The screenshot, as an artistic work, may be the ‘intellectual property’ of Robert Luxemburg, but, as a piece of software, inherits the free software license.
So on the one hand the screenshot is a circumvention device exploiting the structural flaws in the concept of ‘intellectual property’; on the other hand it is a highly complex, almost labyrinthine and conceptual piece of art.

There isn’t a long history in crime as art, maybe the Russian Alexander Brener can be named as one of its ancestors.  His spraying of a green dollar sign on Kasimir Malevich’s painting Suprematism’ and adjacent hunger strike were aiming at fighting art as commodity.

Though media art in big parts opposes the traditional art market and the common notion of art indirectly, there are only few examples of direct fight against the art system.
Instead the hack of legality in media art takes place in various juridical grey zones. I would like to give two more examples of hacking legal borders:

RE-CODE.COM was a free web service that allowed its customers to share product information and create barcodes that can be printed and used to re-code items in stores by placing new labels over existing barcodes to set a lower price.  RE-CODE.COM at its core was a shared database, update able by customers.

It was meant so be a satire and a mockery of the website PRICELINE.COM, made to look nearly identical to its counterpart that uses as they call it “revolutionary” advertising approach to entice people to name their own price for goods and services.

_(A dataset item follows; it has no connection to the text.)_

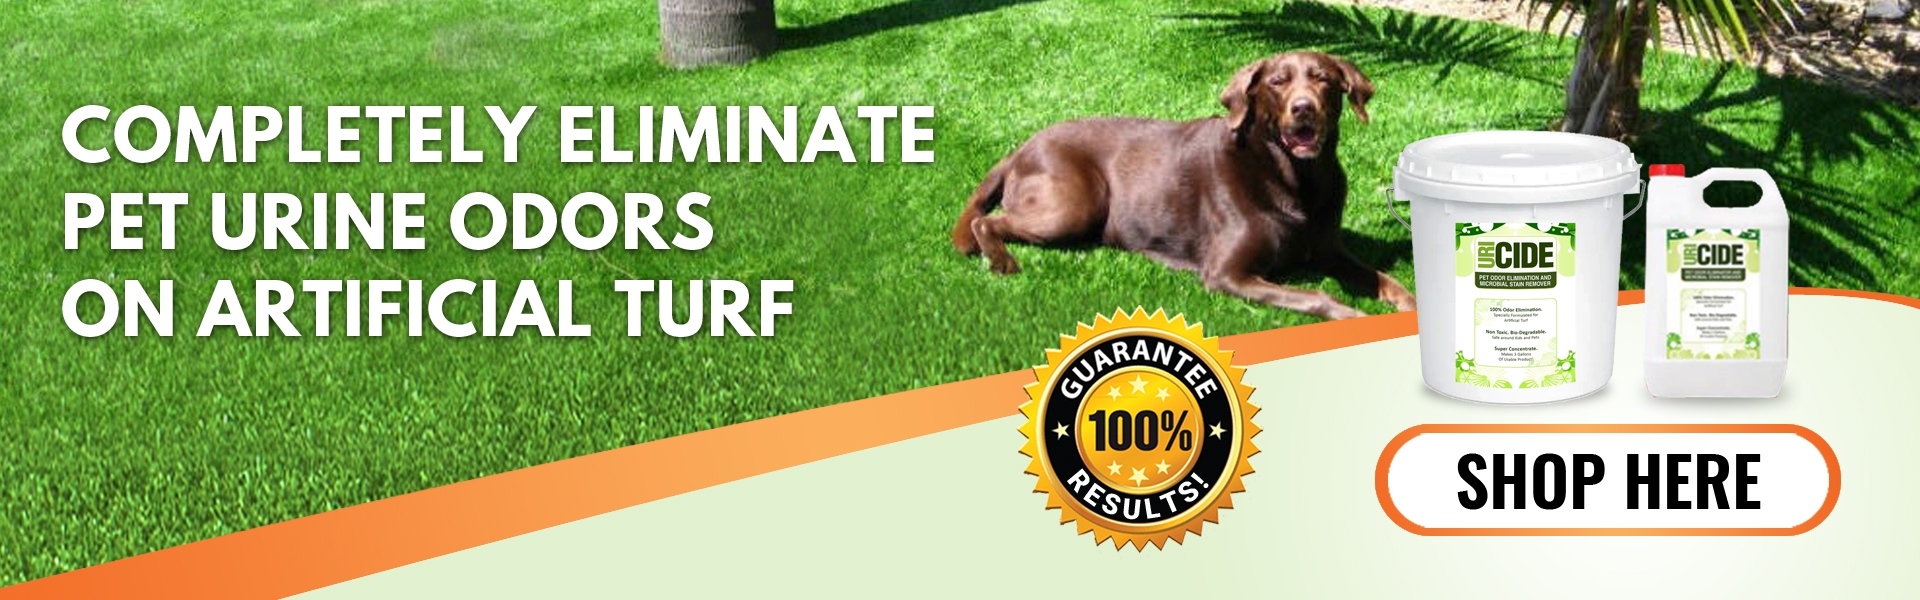 Eliminate dog odors from artificial turf lawn

After going live on March 12th, 2003, the RE-CODE.com web site went unnoticed for close to 10 days when suddenly it began receiving attention. The project was presented on March 23 at the Museum of Contemporary Arts in Chicago. On April 10th, RE-CODE.com received a cease and desist letter from attorneys representing the world’s largest retail employer, Wal-Mart.
The video shows an extract of the project’s documentation by the authors that was made after the website was taken down.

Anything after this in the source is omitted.